HSUR
RNA family
From Wikipedia, the free encyclopedia
HSURs (Herpesvirus saimiri U RNAs) are viral small regulatory RNAs. They are found in Herpesvirus saimiri which is responsible for aggressive T-cell leukemias in primates. They are nuclear RNAs which bind host proteins to form small nuclear ribonucleoproteins (snRNPs).[1] The RNAs are 114–143 nucleotides in length and the HSUR family has been subdivided into HSURs numbered 1 to 7.[2] The function of HSURs has not yet been identified; they do not affect transcription so are thought to act post-transcriptionally, potentially influencing the stability of host mRNAs.[1]
| HSUR1 | |
|---|---|
Conserved secondary structure of HSUR1. | |
| Identifiers | |
| Symbol | HSUR1 |
| Rfam | RF01802 |
| Other data | |
| RNA type | snRNA |
| Domain(s) | Herpesvirus saimiri, Herpesvirus ateles |
| PDB structures | PDBe |
| HSUR2 | |
|---|---|
Conserved secondary structure of HSUR2. | |
| Identifiers | |
| Symbol | HSUR2 |
| Rfam | RF01802 |
| Other data | |
| RNA type | snRNA |
| Domain(s) | Herpesvirus saimiri, Herpesvirus ateles |
| PDB structures | PDBe |
HSUR1 and 2 are the most conserved members of the family within HSV subgroups. HSUR1 has been shown to bind the host heterogeneous ribonucleoprotein particle protein hnRNPD in vivo.[3] Other HSURs bind HuR/ELAVL1.[2] They are transcribed by RNA polymerase II with promoters similar to that of U RNAs[1]

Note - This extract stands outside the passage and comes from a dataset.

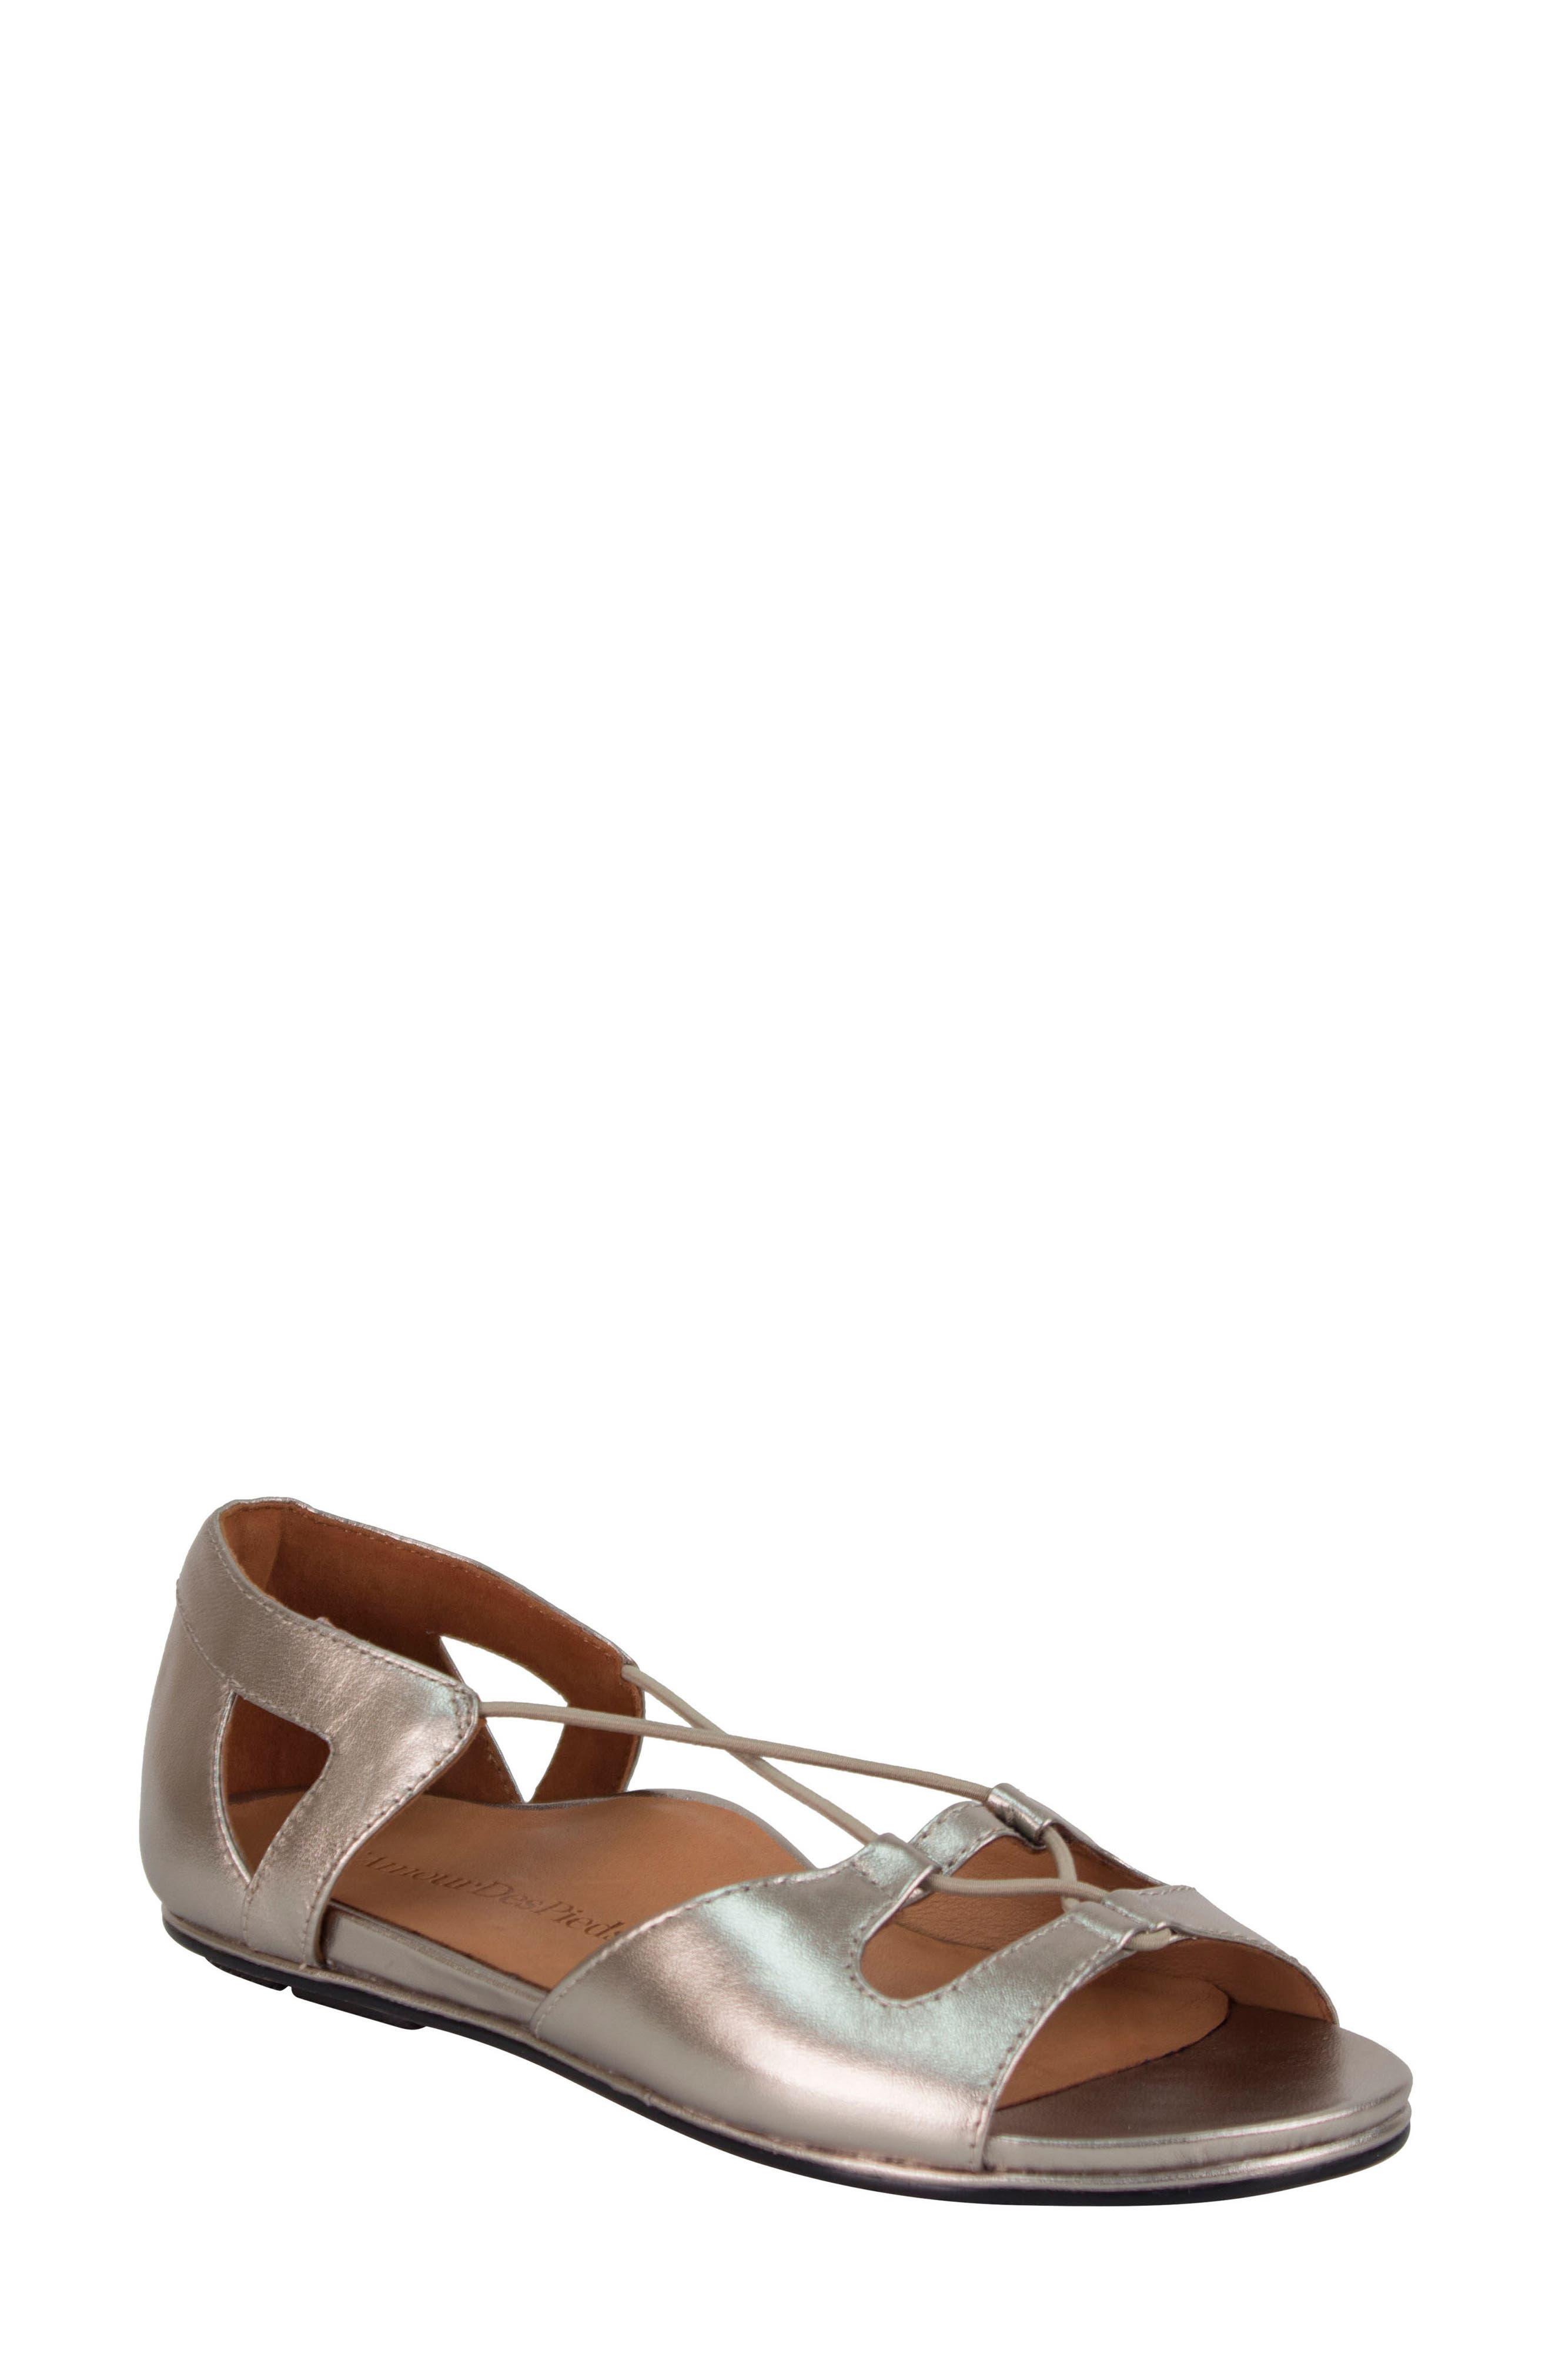 'Darron' Sandal,                         Main,                         color, Pewter Leather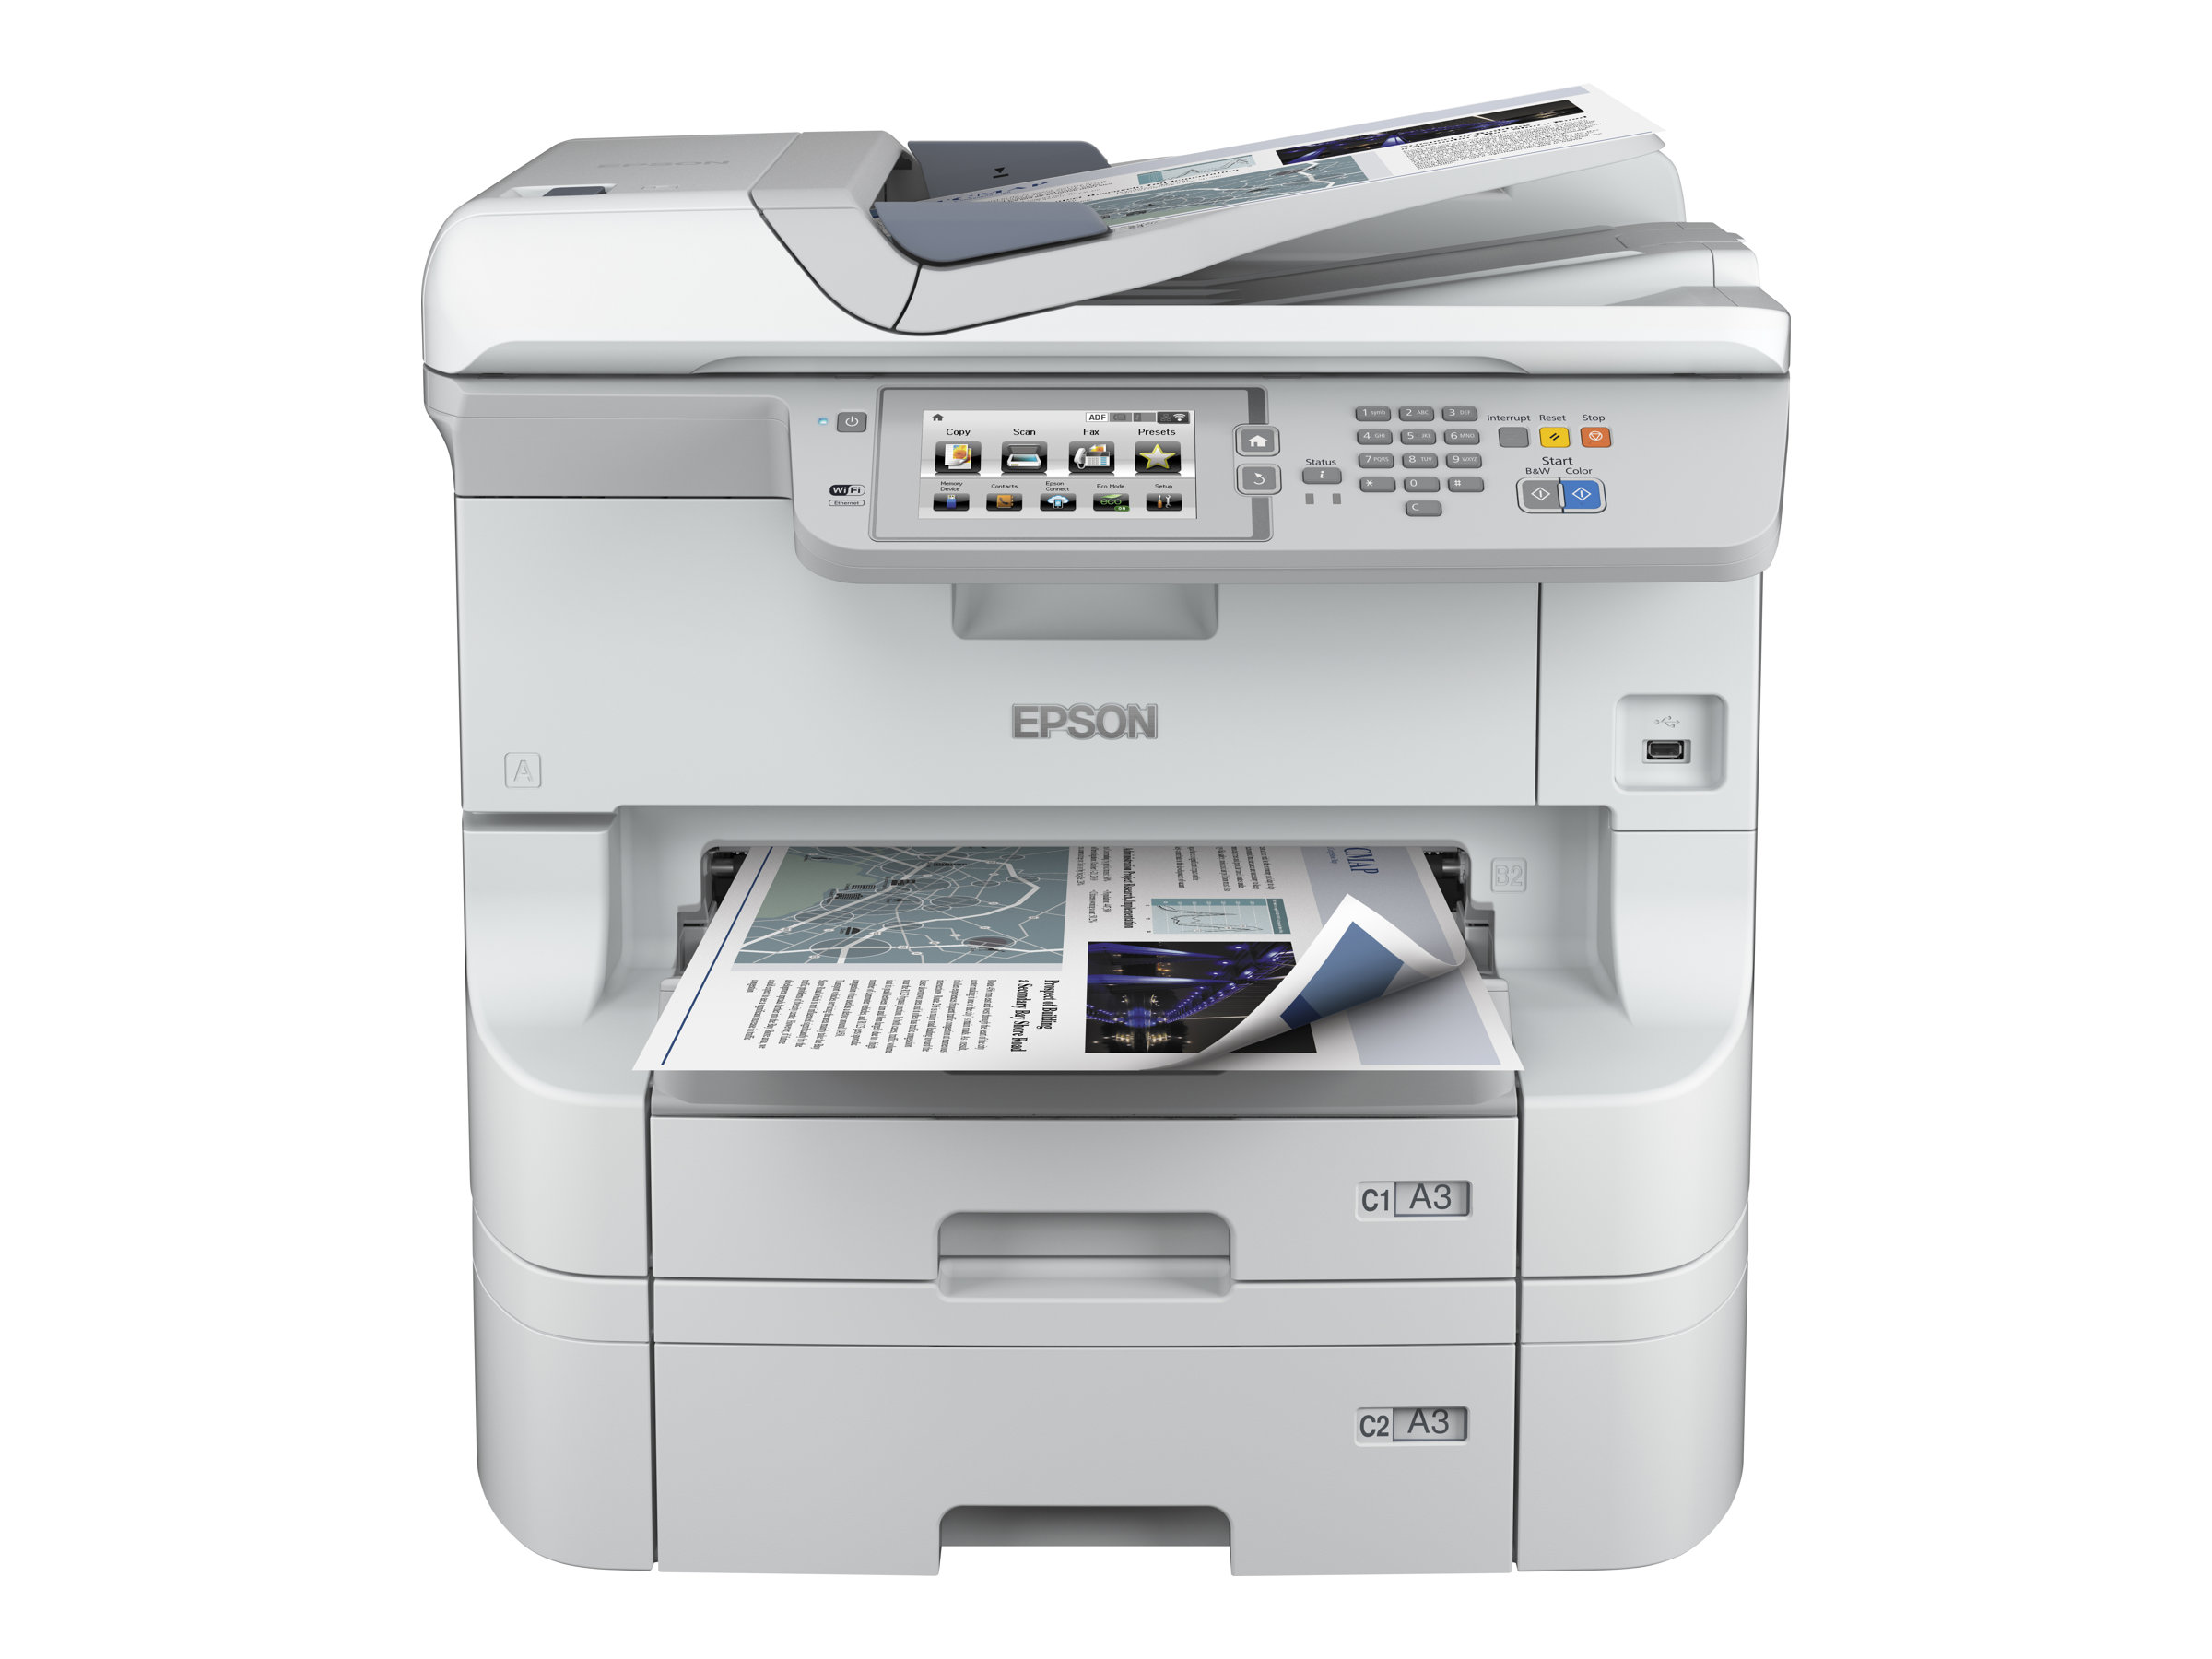 Epson WorkForce Pro WF-8590 DTWF - Multifunktionsdrucker - Farbe - Tintenstrahl - A3 (297 x 420 mm) (Original) - A3 (Medien)

Features shared by all HSURs include:[1]
- 5′-trimethylguanosine caps
- 3′ terminal stem-loops
- canonical Sm protein-binding site (AUUUUUG)
A proposed role for HSURs is that they use the RNA interference (RNAi) pathway to manipulate host-cell gene expression. One identified miRNA which responds to HSURs is miR-27.[4]